Having already successfully hiked 18 miles up Mauna Loa, the Hawaiian volcano, Alex Sverdlov, 36, of Middle Village, knew it was about a two-mile hike down to reach the survival gear he had left behind.
But then the snow hit and everything went gray.
While he was just a half a mile away from the drop-off site of his gear, the snow had covered the mountain “almost instantly,” wrote Sverdlov in an account on his blog. Holding just a now-frozen water bottle, Sverdlov resolved to sleep in the snow that night.
An experienced hiker, the Brooklyn College professor who enjoys using every three-day weekend to hike, had not yet called out for help.
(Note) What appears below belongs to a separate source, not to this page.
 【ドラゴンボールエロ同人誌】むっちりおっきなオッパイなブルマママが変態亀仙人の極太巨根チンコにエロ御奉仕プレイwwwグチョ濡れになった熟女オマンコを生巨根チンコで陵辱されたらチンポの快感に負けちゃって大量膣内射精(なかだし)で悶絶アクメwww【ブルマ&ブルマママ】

On his second day, he was able to locate his backpack, which had extra food, clothes and fuel to melt the snow.
“The second night out, I was debating with myself whether the situation [was] bad enough to warrant asking for help,” he said in an email. That’s when the hallucinations began.
“I’m walking on the trail, and I see a campsite, with other campers, etc. Then I blink, and there’s nothing but snow again,” wrote Sverdlov in his blog. It was only then that he realized he could in fact call an emergency number. No reception.
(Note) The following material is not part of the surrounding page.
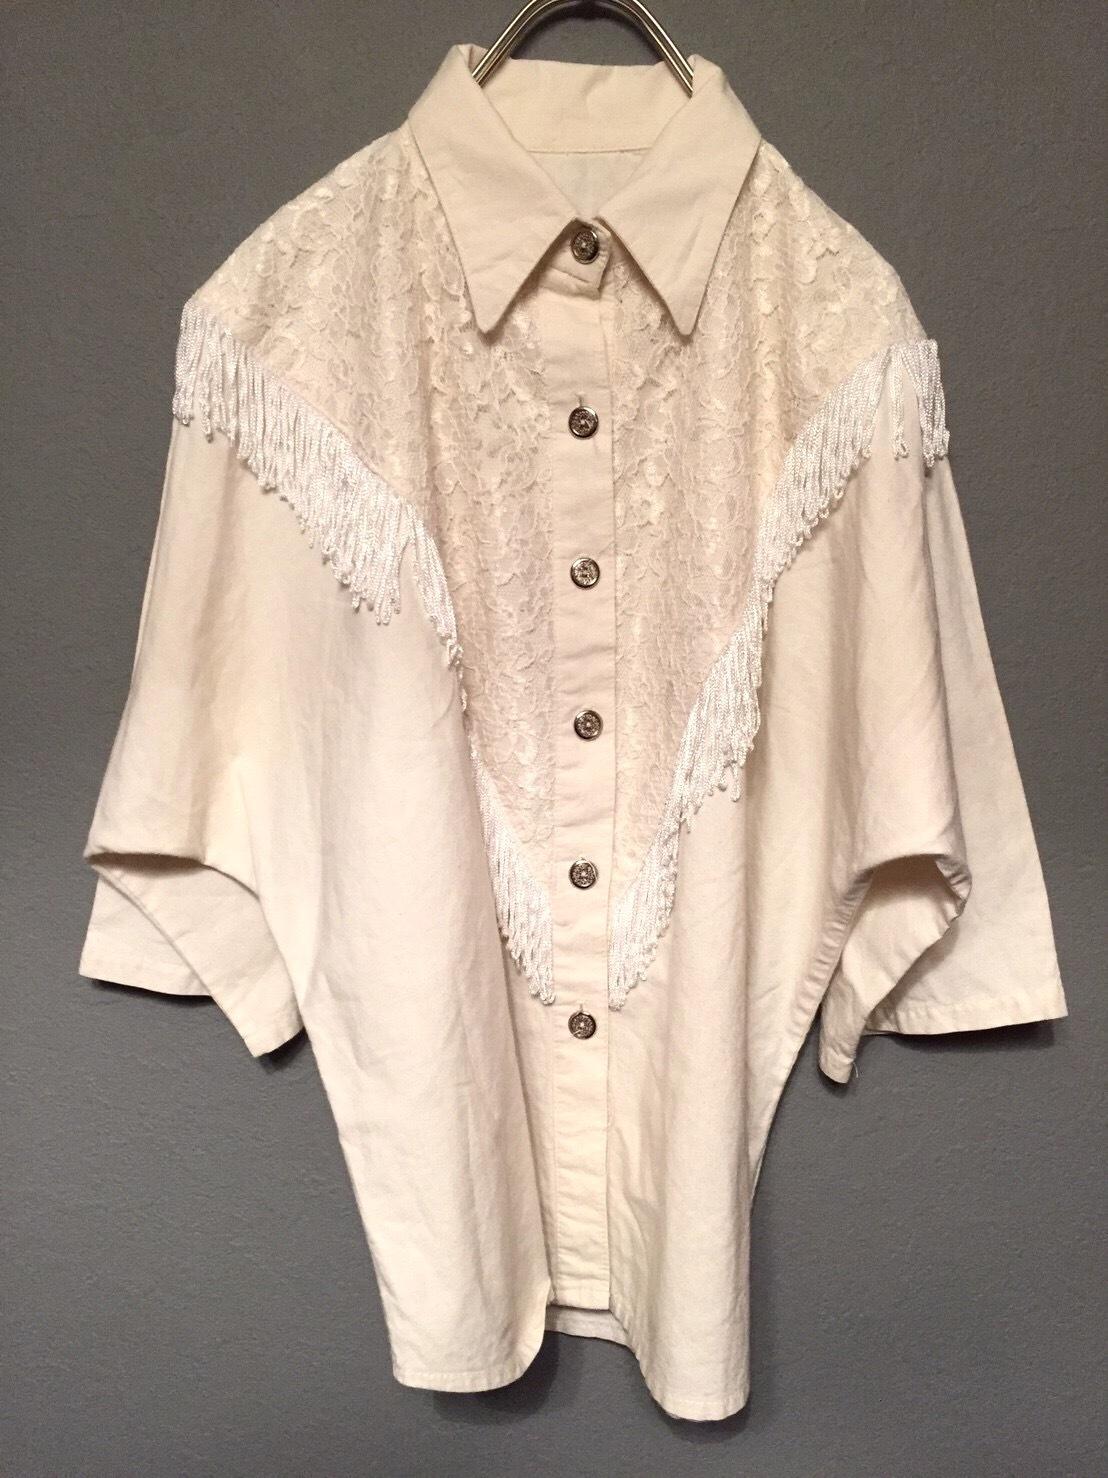 fringe shirt
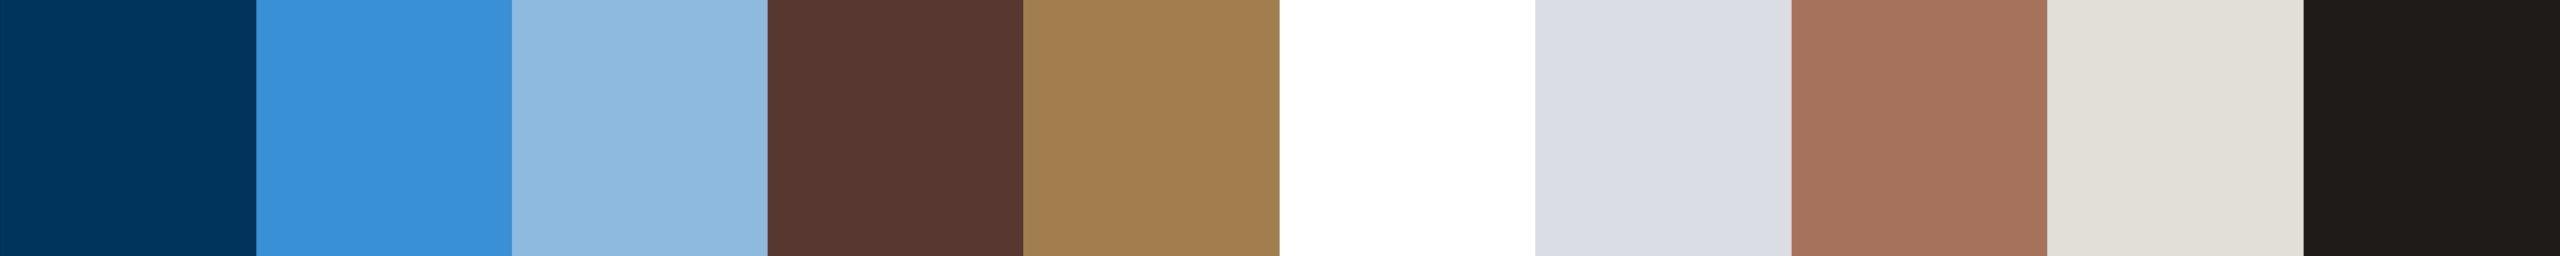 120 Pelagia Color Palette

Unbeknownst to Sverdlov, park management had closed off the mountain to visitors due to the dangerous weather conditions.
With no other option, he began trekking down early on Thursday morning. Around 9 a.m., he heard a helicopter and then he saw one. This was no hallucination.
“What saved Alex is that he had a backcountry permit, so we knew he was up there, he is extremely fit, and he stayed calm,” said Park Ranger John Broward, who received a hearty hug from Sverdlov when he found him.
“At the moment, I felt great. I just beat the odds. I was ready for the next adventure,” he wrote.
In spite of the perilous journey, the event didn’t hinder Sverdlov’s excitement for the next hike, as it hasn’t in the past.
Now home, he recounted old injuries. Sverdlov considers twisting a foot a slight problem but has also persevered through altitude sickness when turning back wasn’t exactly an option.
Although he has summitted Mauna Loa, what brings him back is the ability to escape civilization and enjoy the scenic conditions.
Wanting to make the most of his journey, he registered for another permit for a hike that Friday.
This time, however, his recovery from frost-bite and a swollen foot forced him to back down, but not completely.
On his blog, he describes an adventure via car ride, recounting his wonder at seeing kids building snowmen in Hawaii and witnessing a supernova in the sky above a visitor center.
He stays there until the center closes, soaking in the sites under the clear night sky.
“The universe is damn amazing,” he writes.